**Task prompt**
All of the listing is to be written out word for word, with the pictures left out.
[Given information — start]
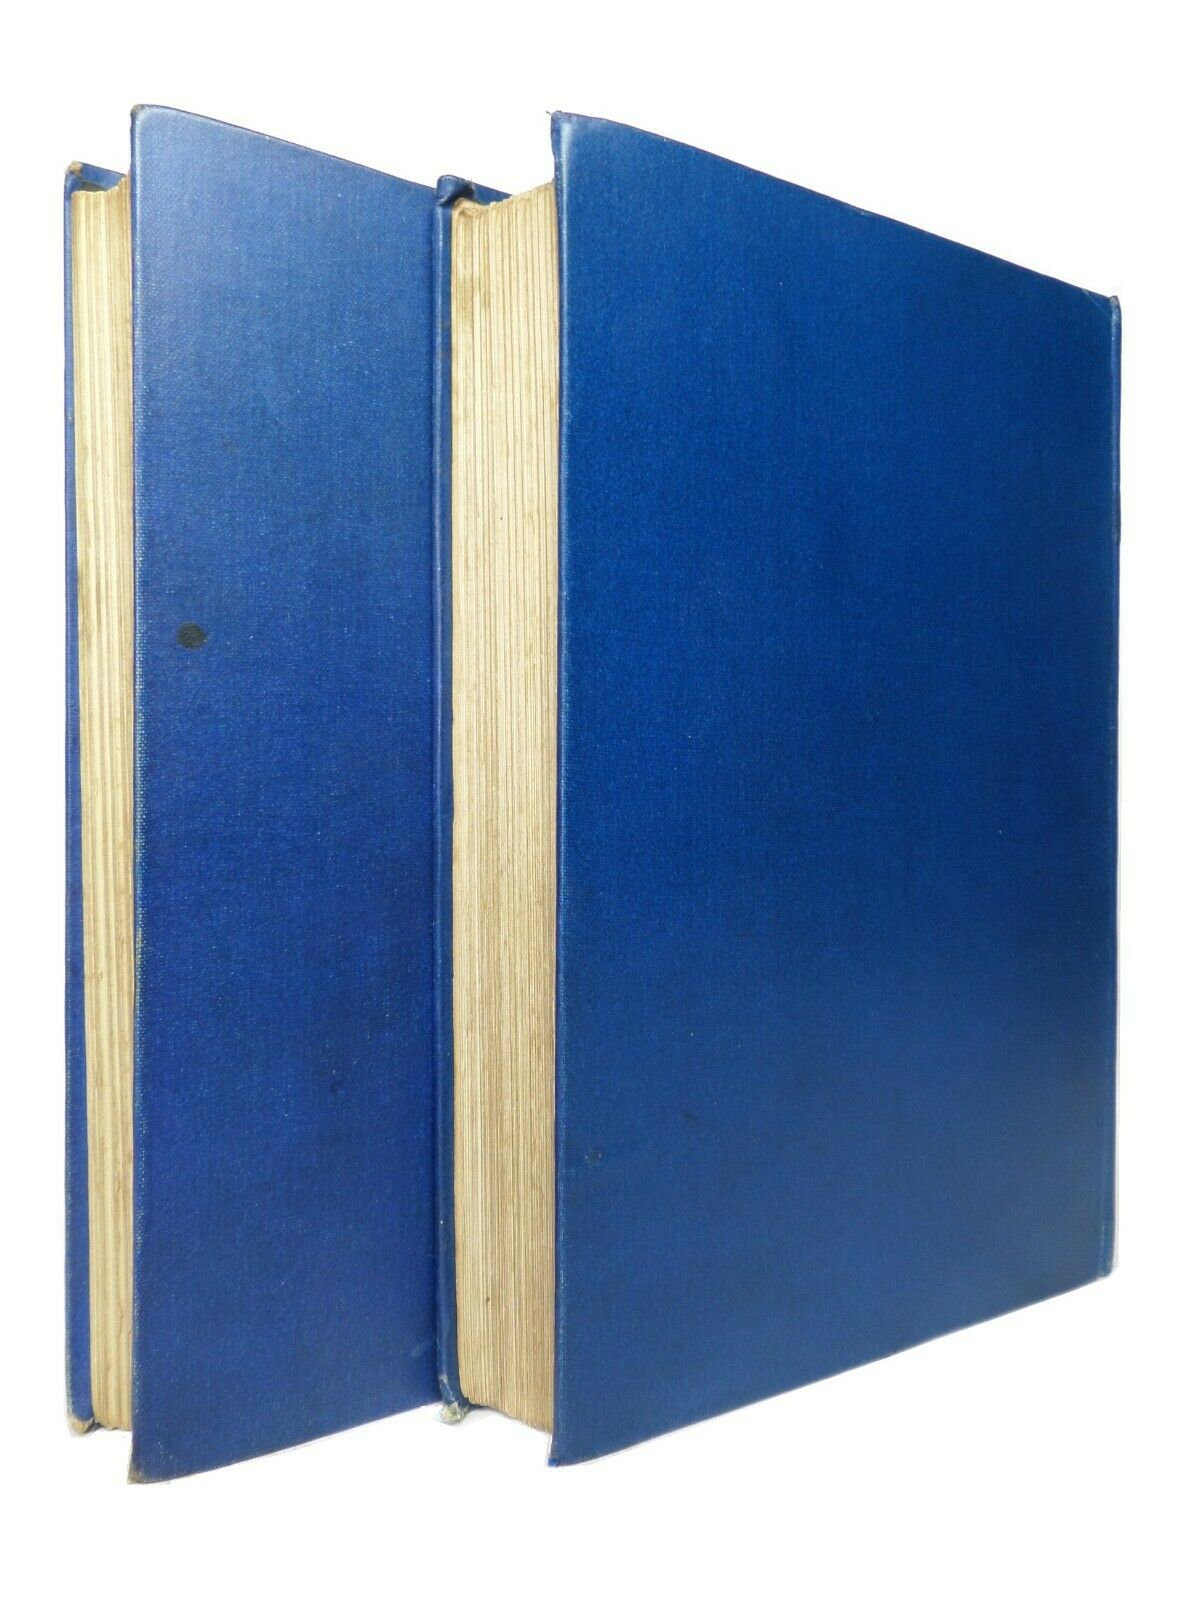 THE JUNGLE BOOK & SECOND JUNGLE BOOK BY RUDYARD KIPLING 1895 UNIFORM EDITIONS
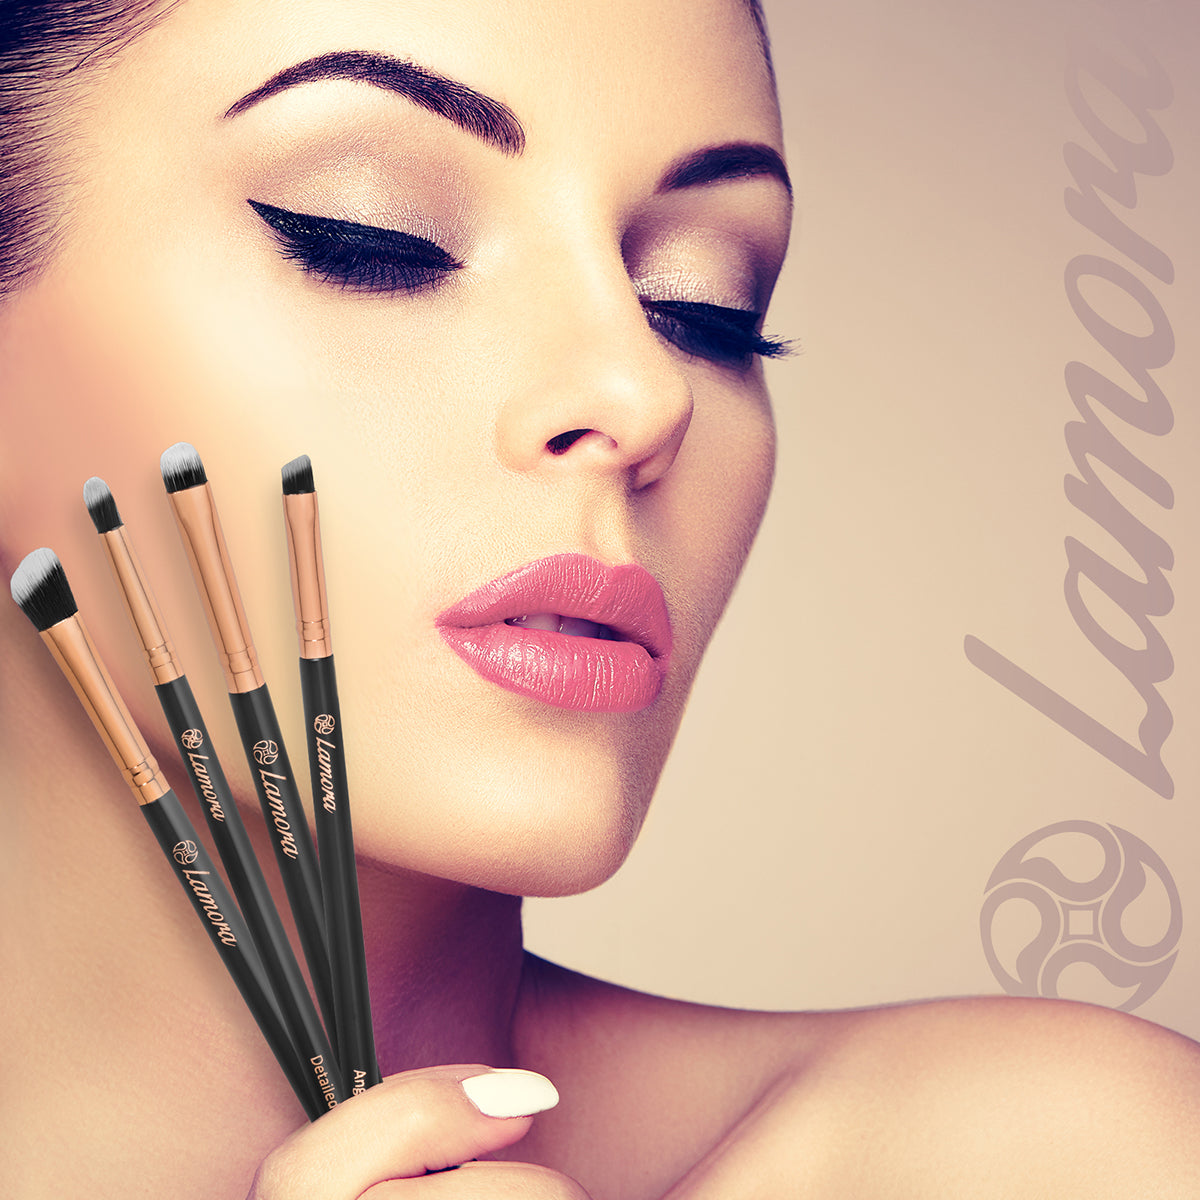 Beautiful woman holding brushes used to apply eyeshadow
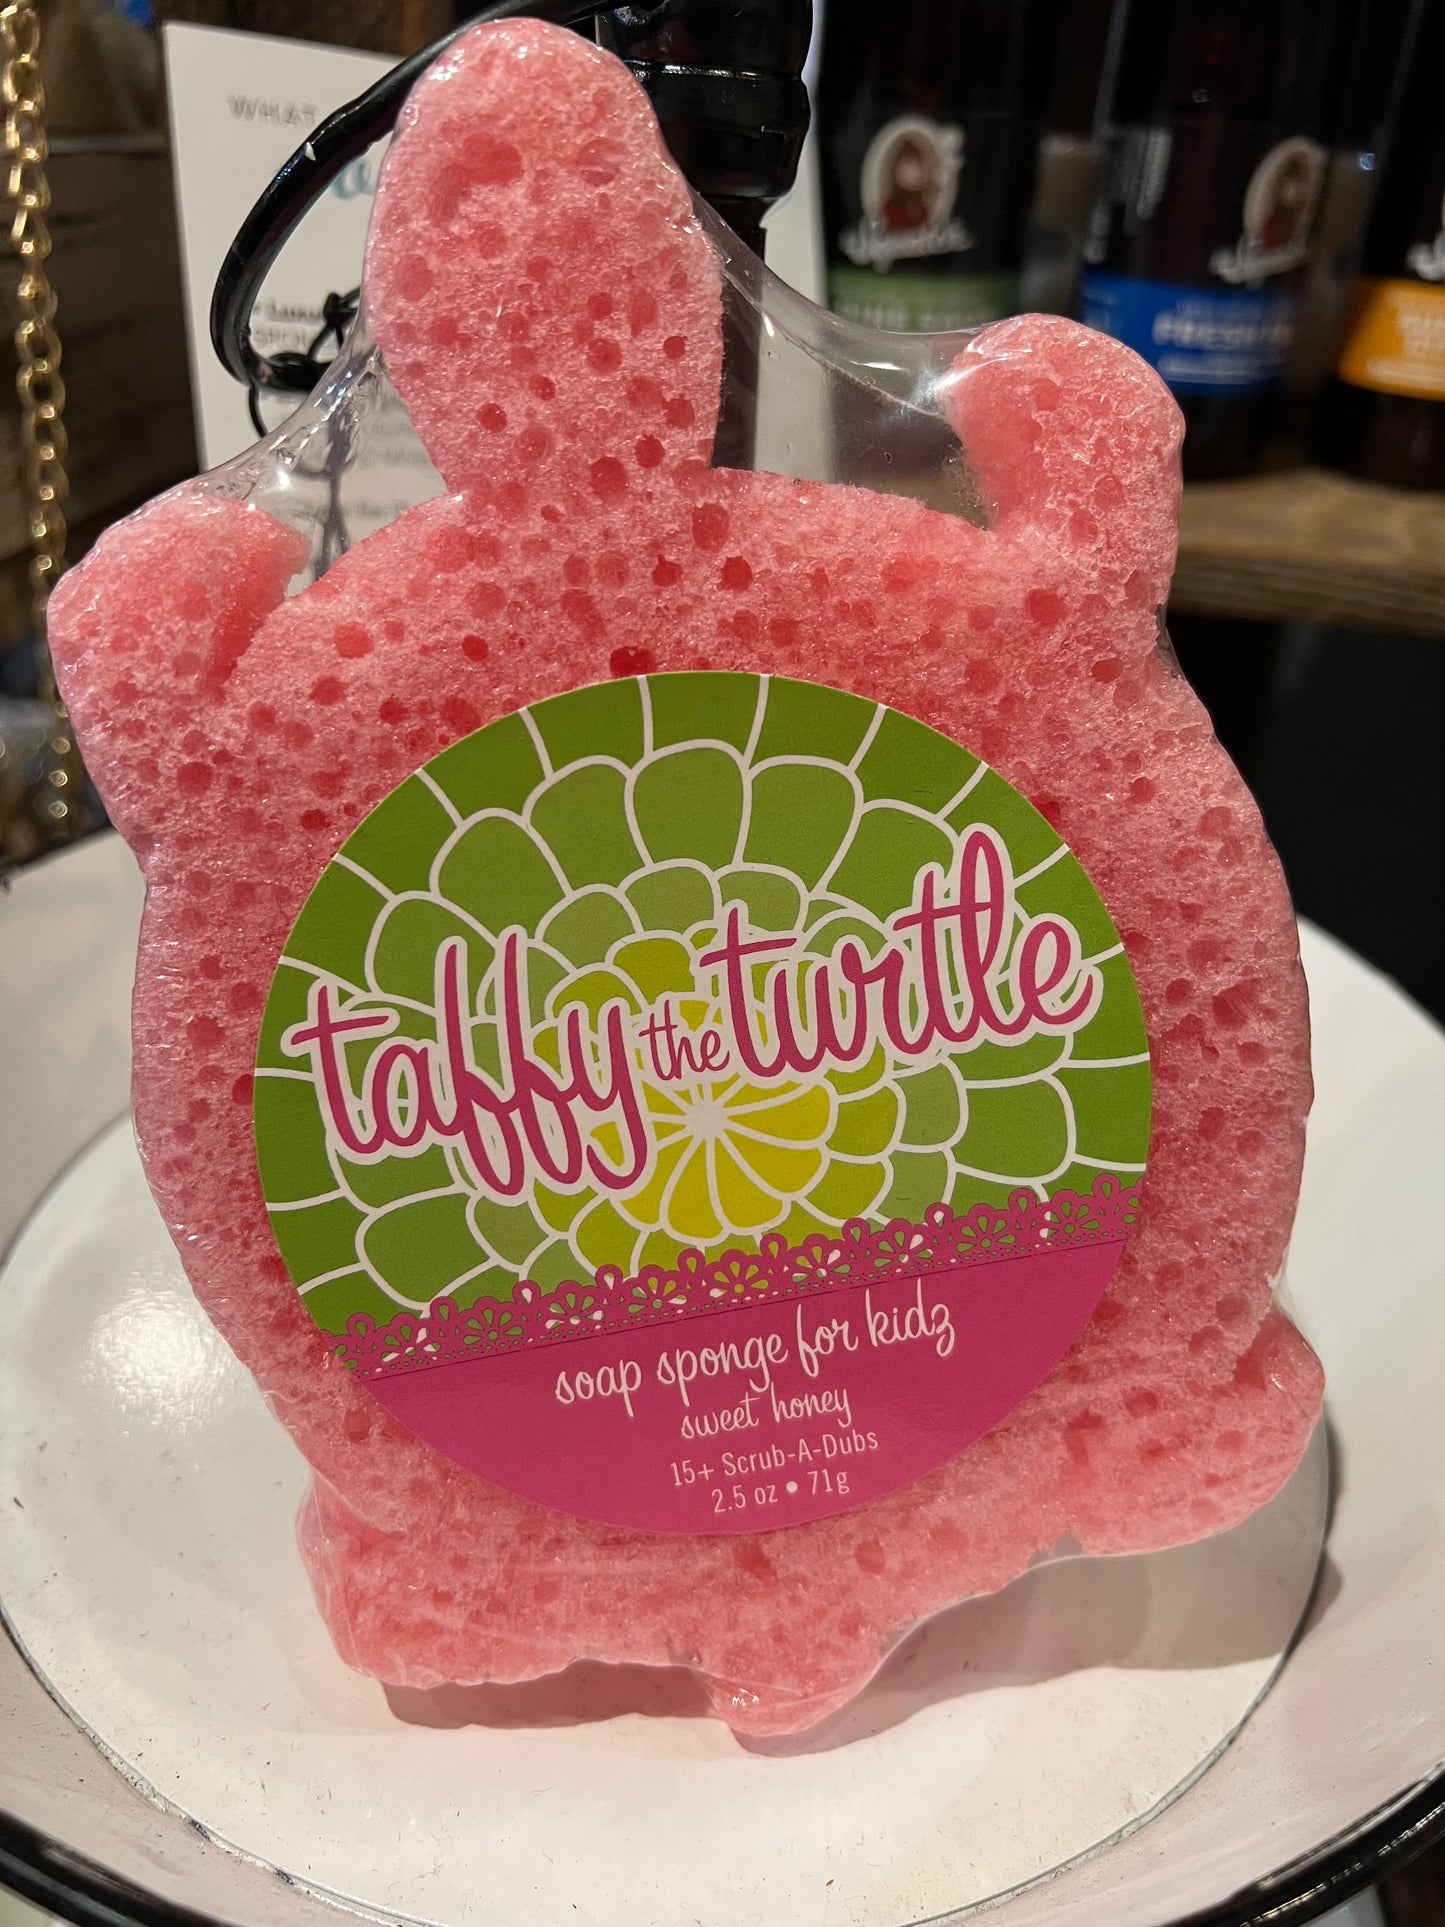 Caren "Taffy the Turtle" soap sponge for kids shaped like a pink turtle.
[Given information — finish]
**Result below**
 THE JUNGLE BOOK & SECOND JUNGLE BOOK BY RUDYARD KIPLING 1895 UNIFORM EDITIONS
 Beautiful woman holding brushes used to apply eyeshadow
 Caren "Taffy the Turtle" soap sponge for kids shaped like a pink turtle.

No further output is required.